Я прекрасно знал, что мы идем к поражению, и даже радовался тому: это было необыкновенное переживание! Даже, понимая, что победа если и будет когда-нибудь, то не наша, не с нами, не при нас! И что? Когда я очутился пред судейским столом, я вдруг перестал узнавать себя. Все во мне изменилось, я не знал, что говорить и лепетал всякую чушь. А когда мой командир полка Орлов стал пенять мне: – Зачем же ты, то да се… Одоевский – ведь я считал тебя хорошим офицером, ты подавал такие надежды!.. – я понял, что мне хочется их и впредь подавать. Что я хочу вернуться к себе прежнему. Что, может, не все потеряно.

«Мы умрем, ах, как славно мы умрем!» – и правда, я был готов! И умер бы, наверное, спокойно на площади. Но когда Господь велел мне жить – мне захотелось именно жить. И те, кто сидел за столом предо мной, кто допрашивал меня, кто были мне врагами или хотя бы противниками, – не показались мне вовсе такими уж плохими людьми. Я искал в них доброты и понимания. Я хотел понравиться им. Среди наших очень мало кто выдержал этот искус. Даже Сергей Муравьев и Пестель не выдержали.
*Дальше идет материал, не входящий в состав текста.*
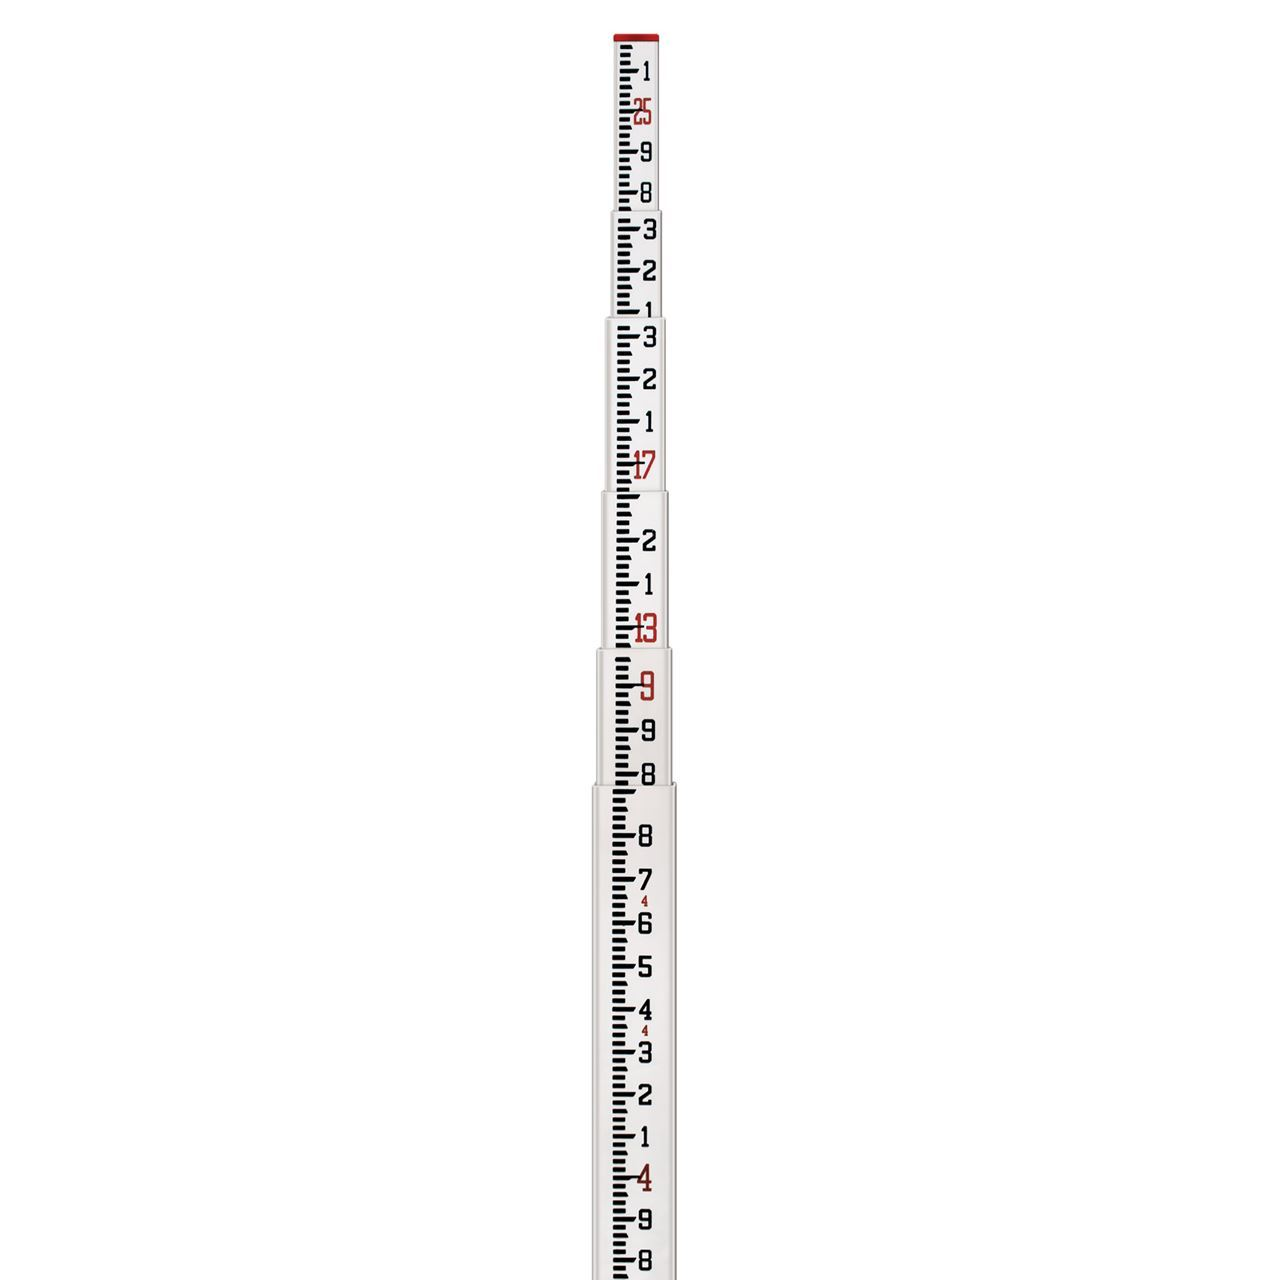 Imagen de SitePro SCR 25-ft Fiberglass Leveling Rod (CR)-10ths, 11-SCR25-T

Только старик Лунин… Ну, он был старше многих из нас, ему уж было лет сорок или под сорок, возможно, ему меньше, чем мне, хотелось жить в тот момент. Нас впускали по пятеро в помещение Обер-комендантского дома, где нам читали приговор – так вот Лунин, выйдя из дома после объявления приговора сказал: «Хороший приговор, господа! Надо бы это окропить!» – и помочился на дверь дома. А все выходили понурые и несчастные. И, только оказавшись в Читинском остроге, я снова сделался собой. Я тоже готов был помочиться на все это. Я уже больше не ждал снисхождения и не рассчитывал на этих людей, что сидели предо мной за столом следователей… Я сызнова верил в то, за что вышел на площадь и готов был славно умереть.

В завершение, он прочел Михаилу свои стихи, написанные в ответ на послание Пушкина к осужденным по декабрьскому делу: «Во глубине сибирских руд – Храните гордое терпенье…»

Струн вещих пламенные звуки
До слуха нашего дошли,
К мечам рванулись наши руки,
И лишь оковы обрели.
Но будь покоен, бард: цепями,
Своей судьбой гордимся мы,
И за затворами тюрьмы
В душе смеемся над царями…

Только не верь ты и этим стихам! Сам Пушкин почти одновременно с посланием к нам, закатил такие Стансы государю… Да и я, грешный, после своего опуса, просил власти о милосердии и отправке рядовым на Кавказ… И радовался, что смилостивились. Пошли навстречу. Обогрели… А когда еще по дороге сюда, мне разрешили на два часа встречу с родным отцом – плакал от счастья.

Потом, когда уже Михаила простили, и он, в Петербурге, узнал о смерти Одоевского от малярии, где-то в походе, в захолустье, – то ли Псезуане, то ли Псезуапе, на Черноморской линии, он вспоминал слова Одоевского о жизни и смерти…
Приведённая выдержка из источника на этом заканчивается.